Глазенки блестели. И он все смеялся беспричинным, идущим из нутра, заражающим смехом. И все засмеялись, глядя на него.

– Ну, смотрите, дурень какой. Чего смеется?

Сила жизни безудержно вскипала в нем, радуясь на себя и играя.

Где, где эти робко-злые, упрямые глаза, этот ноющий голос? Животик поправился у мальчика. Клизмочки помогли и манные кашки. И вот переметнулся его маленький Хозяин. Бессмысленной радостью заливается тельце, ясным светом зажег глазенки, неузнаваемо перестроил всю душу…

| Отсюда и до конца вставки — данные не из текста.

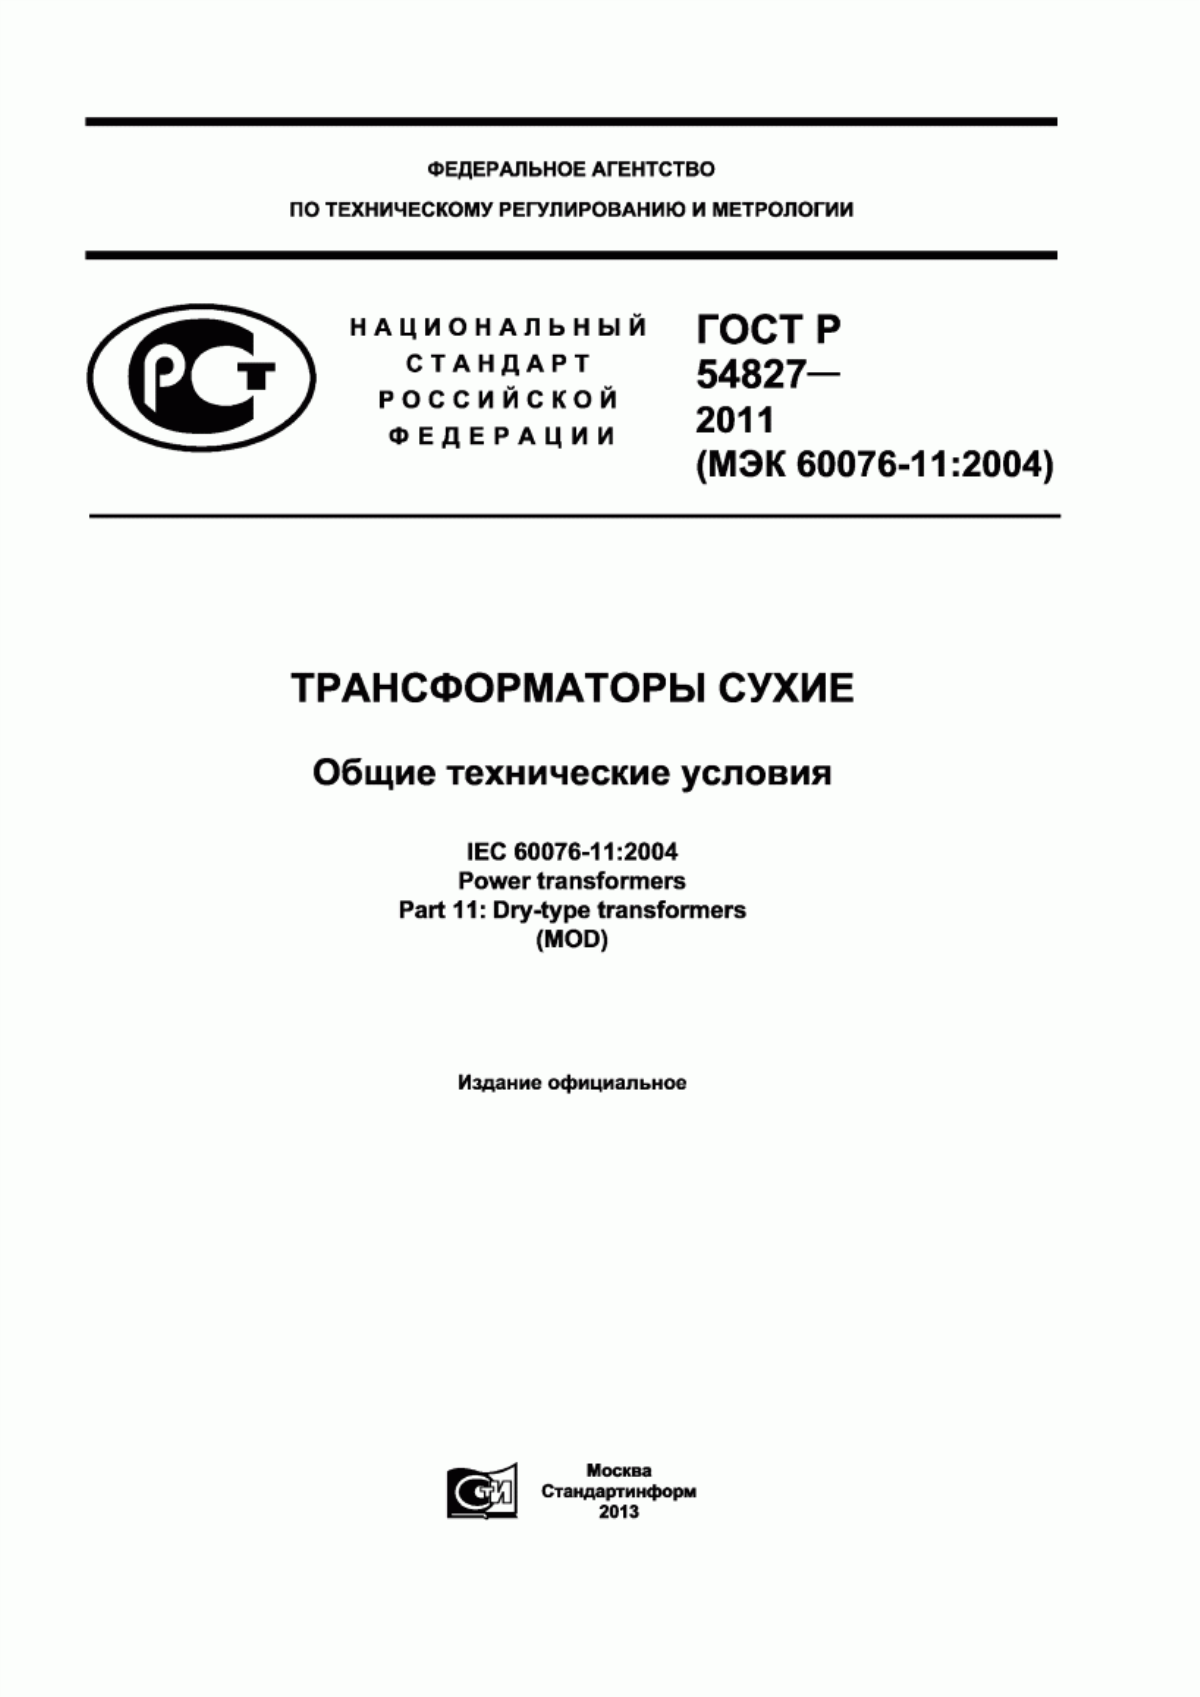 ГОСТ Р 54827-2011 Трансформаторы сухие. Общие технические условия
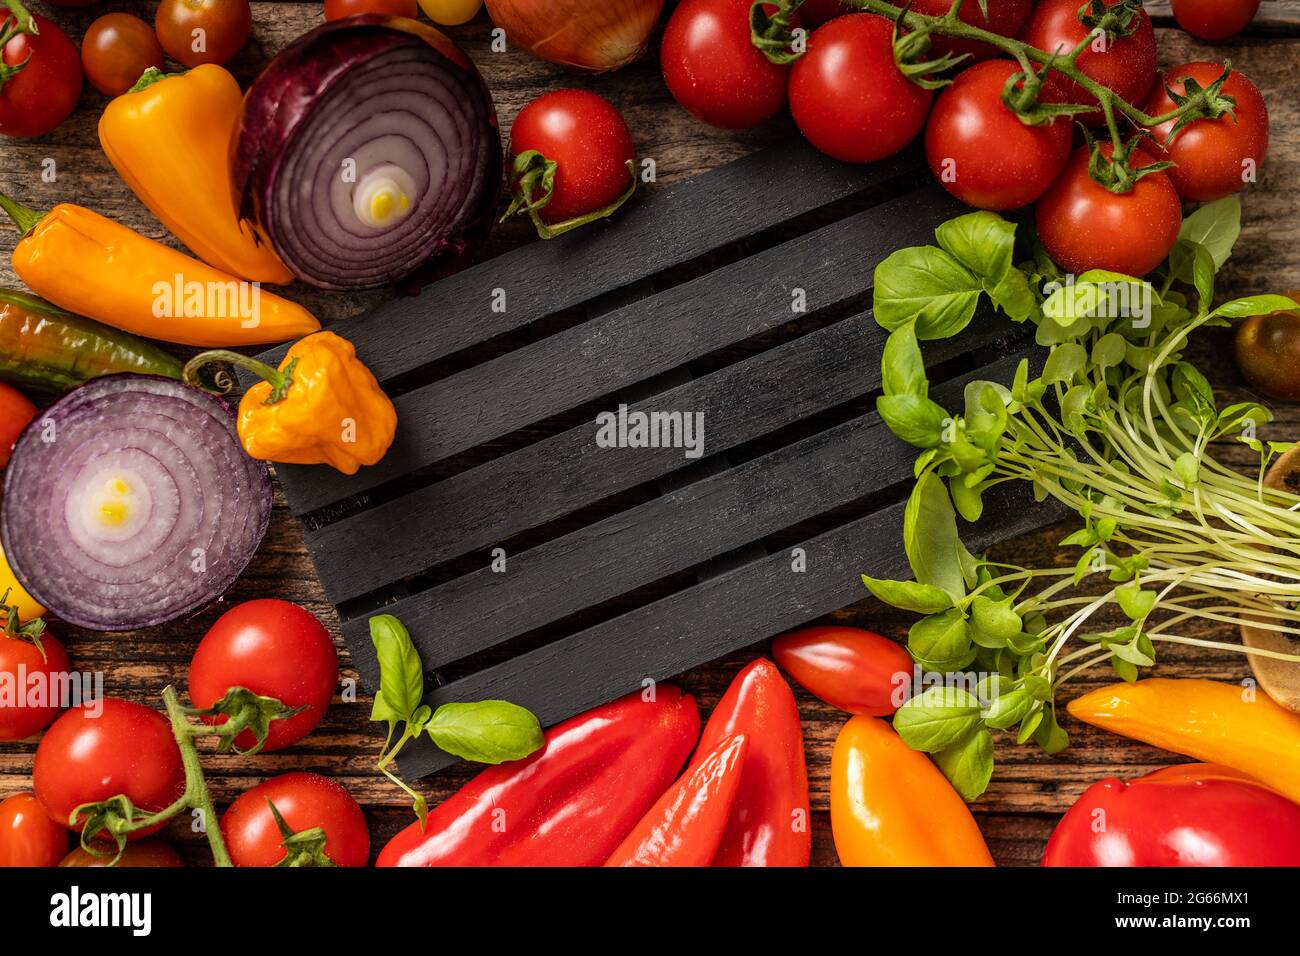 Deliciosas verduras servidas alrededor en la paleta a rayas negras Foto de stock

О раб! О подлый, переметчивый раб!

Гнедой жеребец издох. Вечером Степан пошел за ним в сад, а он лежит на боку мертвый.

За ужином работники смеялись и говорили:

– Ну, дедушка Степан, теперь твой черед помирать. Самый ты теперь старый остался.

– А неужто в холщовой рубахе и в гроб ляжешь? Ты бы на это дело ситцевую завел.

Степан тихо, про себя, улыбнулся.

– У меня есть. Сшита. Синяя с крапушками, молодая барыня подарила. Как помру, наказал Алехе в нее одеть.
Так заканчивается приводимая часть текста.